The line with "Средство для мытья" marks the first line to copy, and the line with "Heilpflanze Rose - rosa" marks the last. Transcribe that stretch of the data below exactly, without pictures.

◆ **RECORDS PROVIDED**:
□ □ □
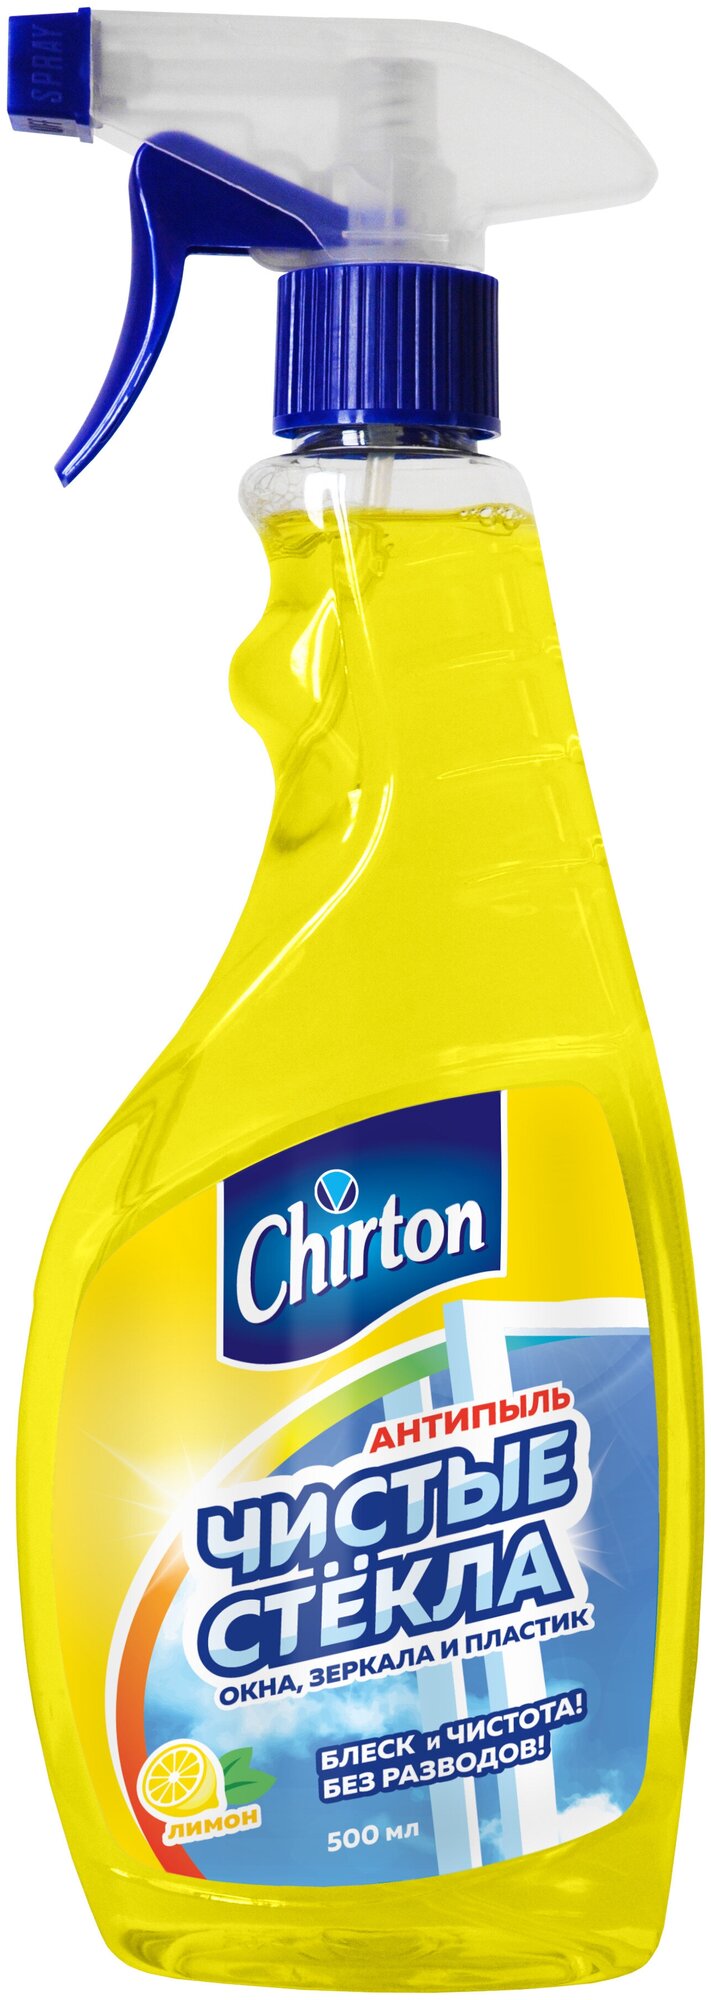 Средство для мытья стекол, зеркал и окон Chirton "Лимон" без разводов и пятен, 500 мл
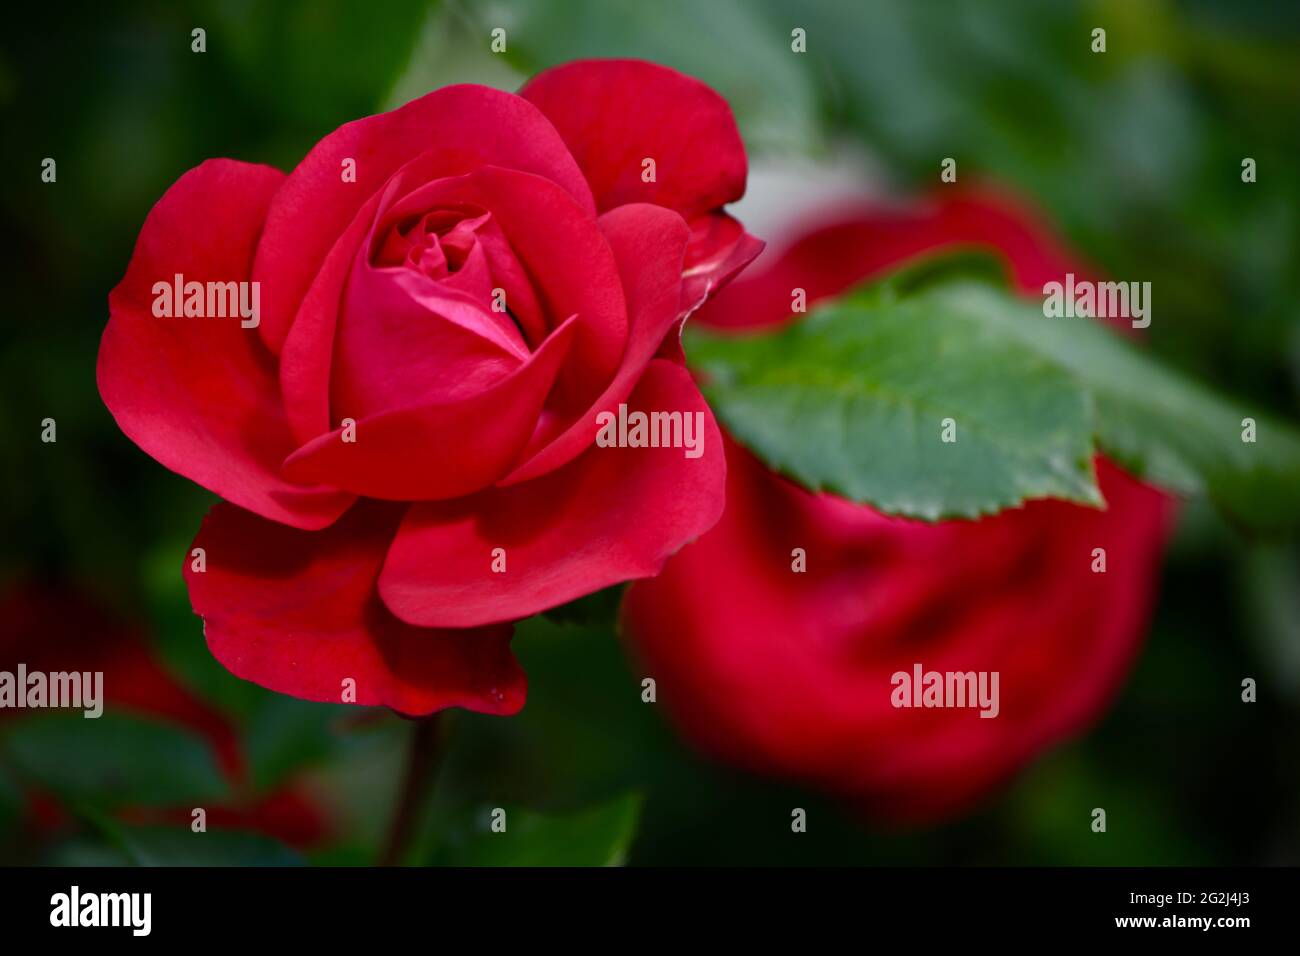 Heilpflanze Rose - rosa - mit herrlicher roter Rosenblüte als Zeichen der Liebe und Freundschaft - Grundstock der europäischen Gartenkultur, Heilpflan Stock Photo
□ □ □
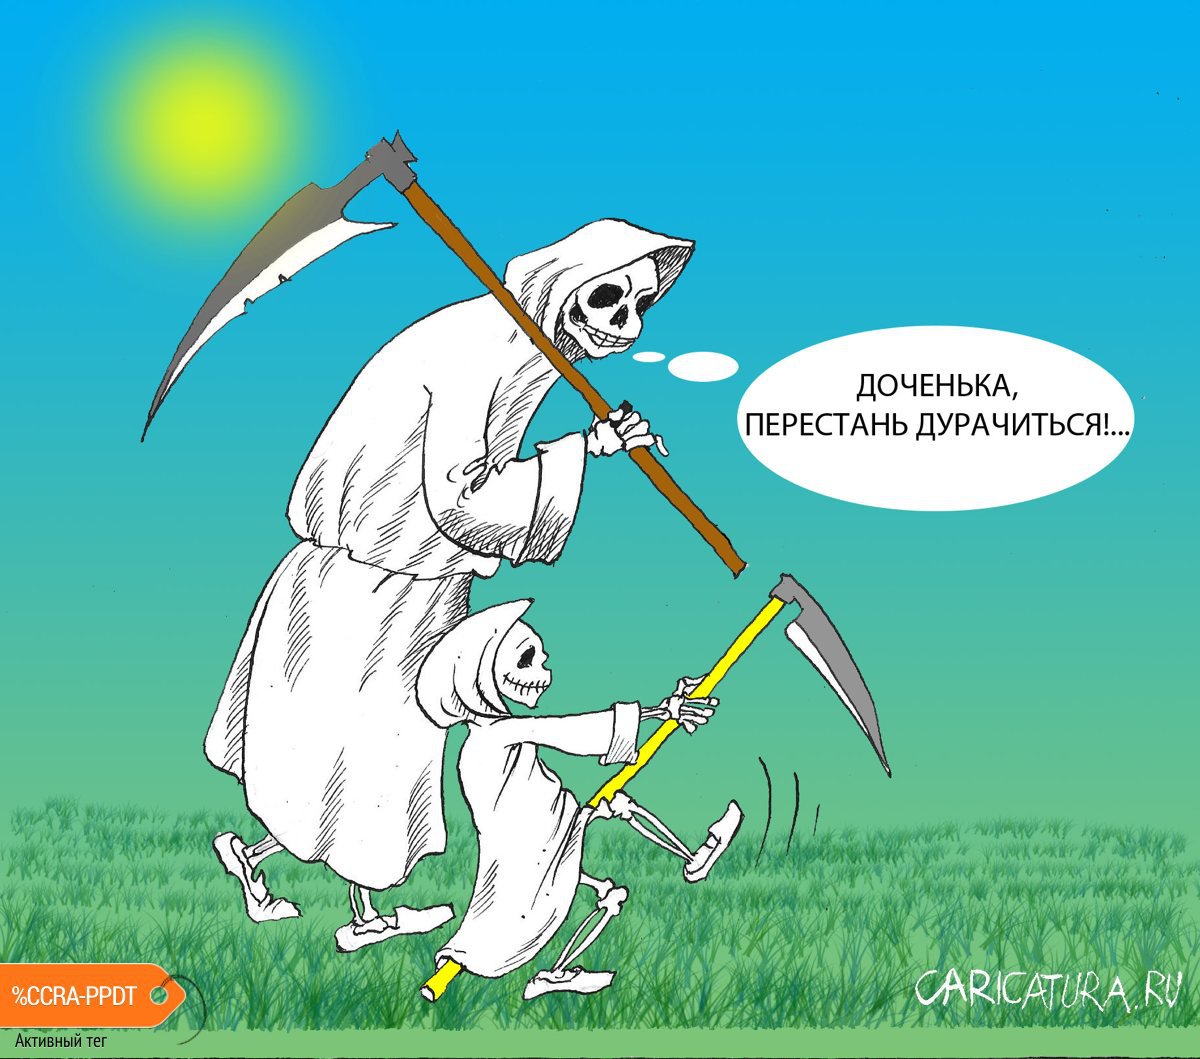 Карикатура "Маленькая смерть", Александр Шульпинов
□ □ □
◆ **RESPONSE TO THE EXERCISE**:
 Средство для мытья стекол, зеркал и окон Chirton "Лимон" без разводов и пятен, 500 мл
 Heilpflanze Rose - rosa - mit herrlicher roter Rosenblüte als Zeichen der Liebe und Freundschaft - Grundstock der europäischen Gartenkultur, Heilpflan Stock Photo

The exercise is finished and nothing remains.